▸ **EXERCISE DESCRIPTION**:
You are asked to copy the entire listing exactly, apart from its pictures.

▸ **PROVIDED MATERIAL**:
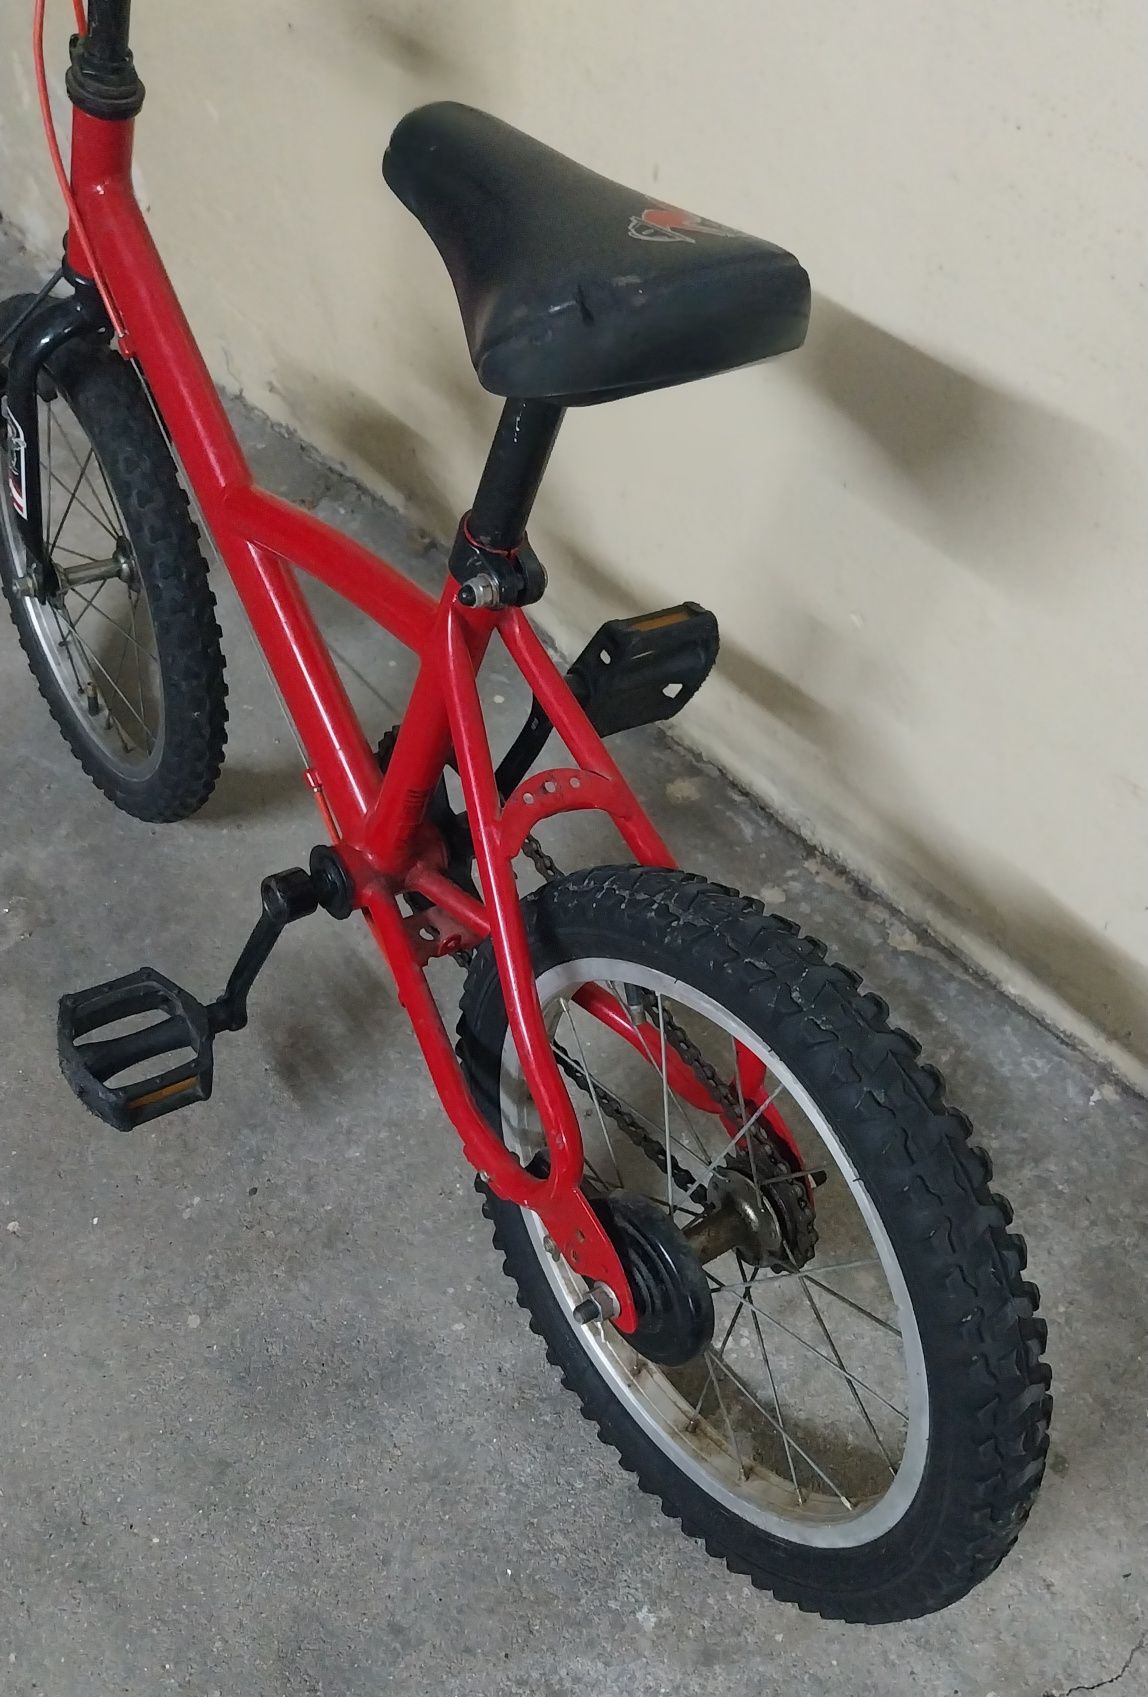 Bicicleta de Criança, roda 14, com pneu novo e punhos novos
Esta em óp
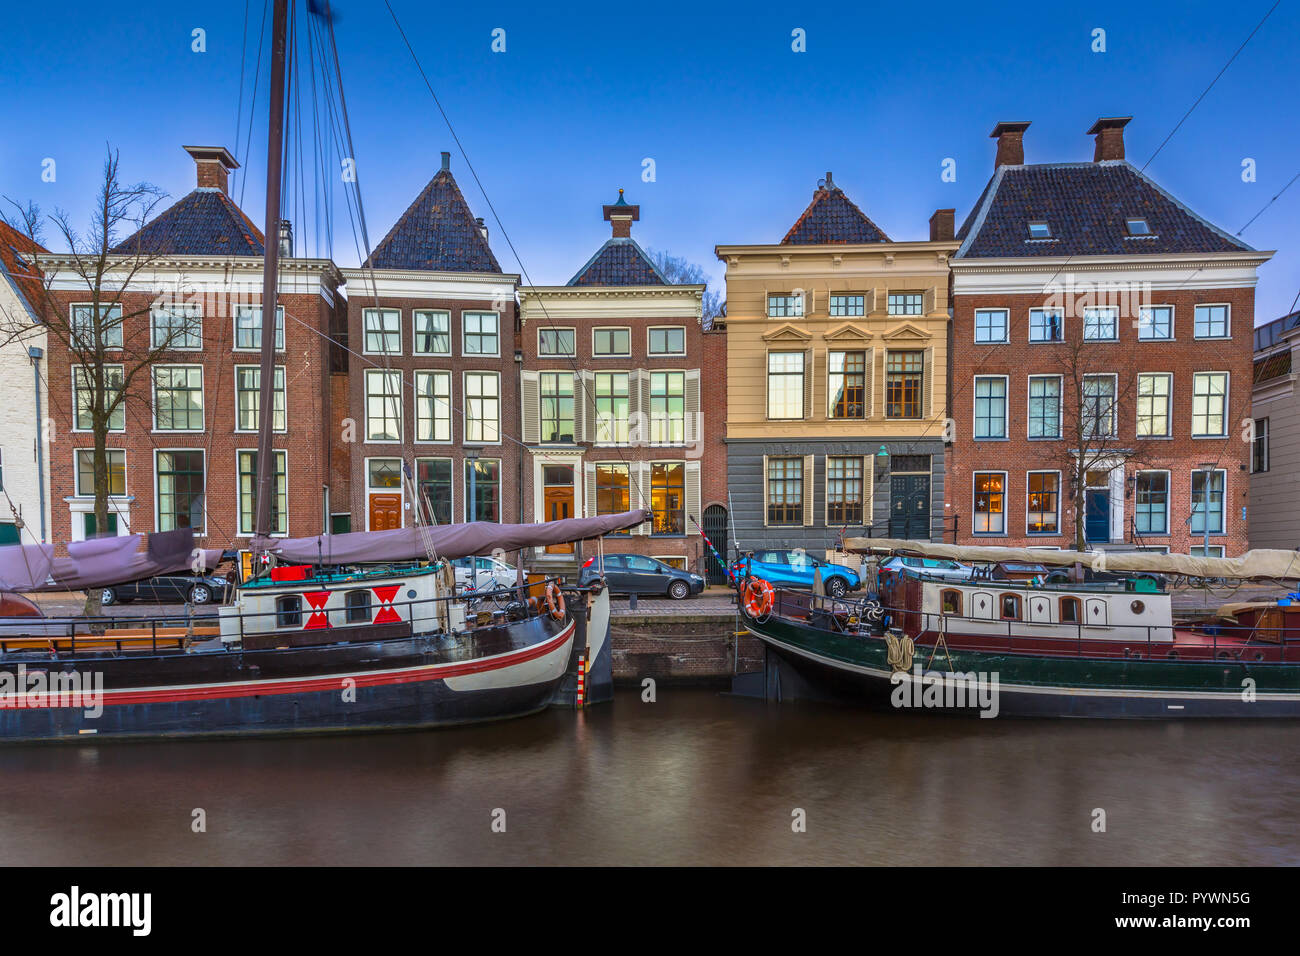 Bateaux et bâtiments historiques à Hoge der Aa quay dans le centre-ville de Groningen, Pays-Bas Banque D'Images
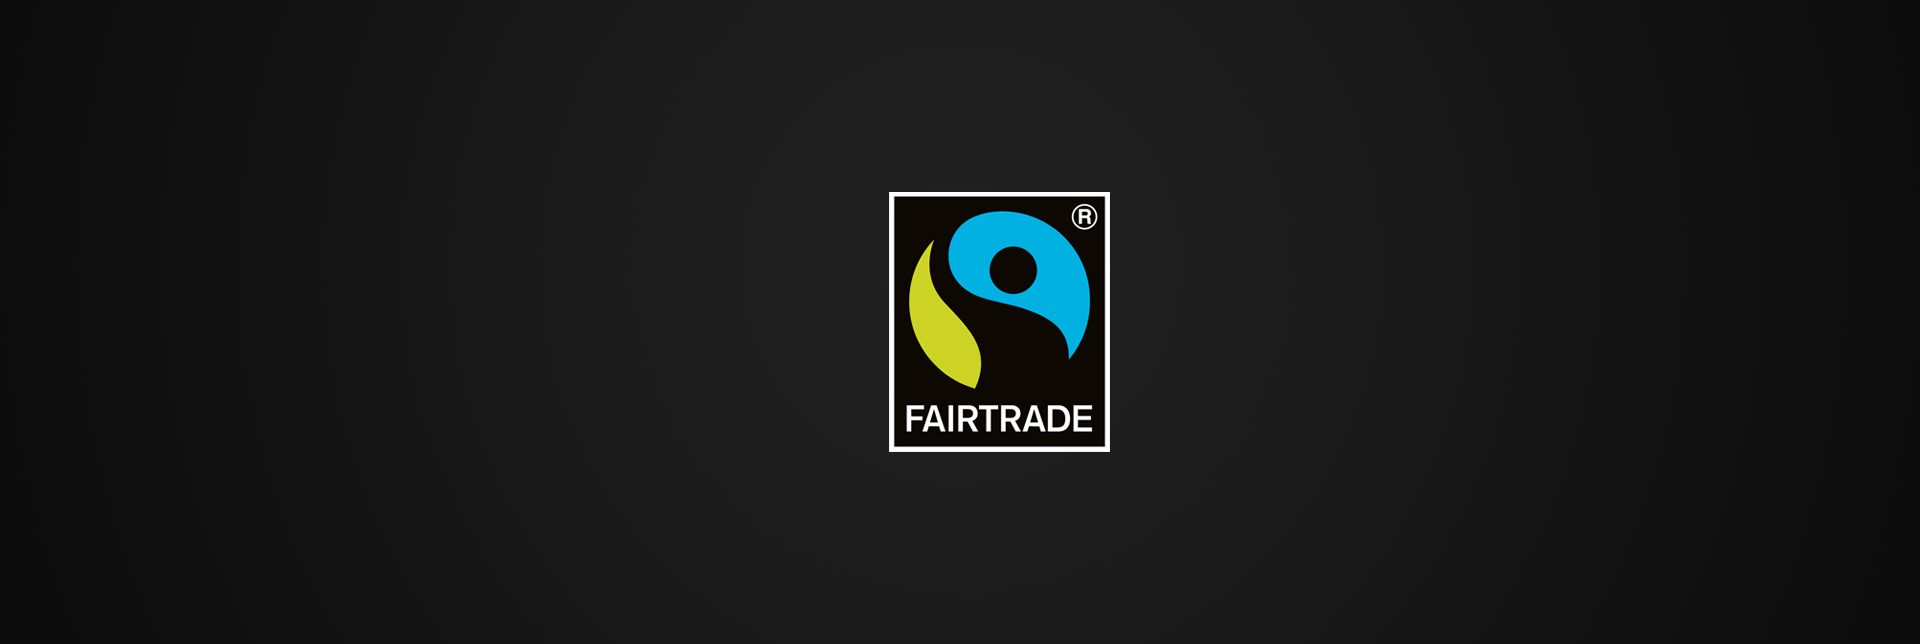 header-banner-fairtradeworks.jpg

▸ **PROBLEM SOLUTION**:
 Bicicleta de Criança, roda 14, com pneu novo e punhos novos
Esta em óp
 Bateaux et bâtiments historiques à Hoge der Aa quay dans le centre-ville de Groningen, Pays-Bas Banque D'Images
 header-banner-fairtradeworks.jpg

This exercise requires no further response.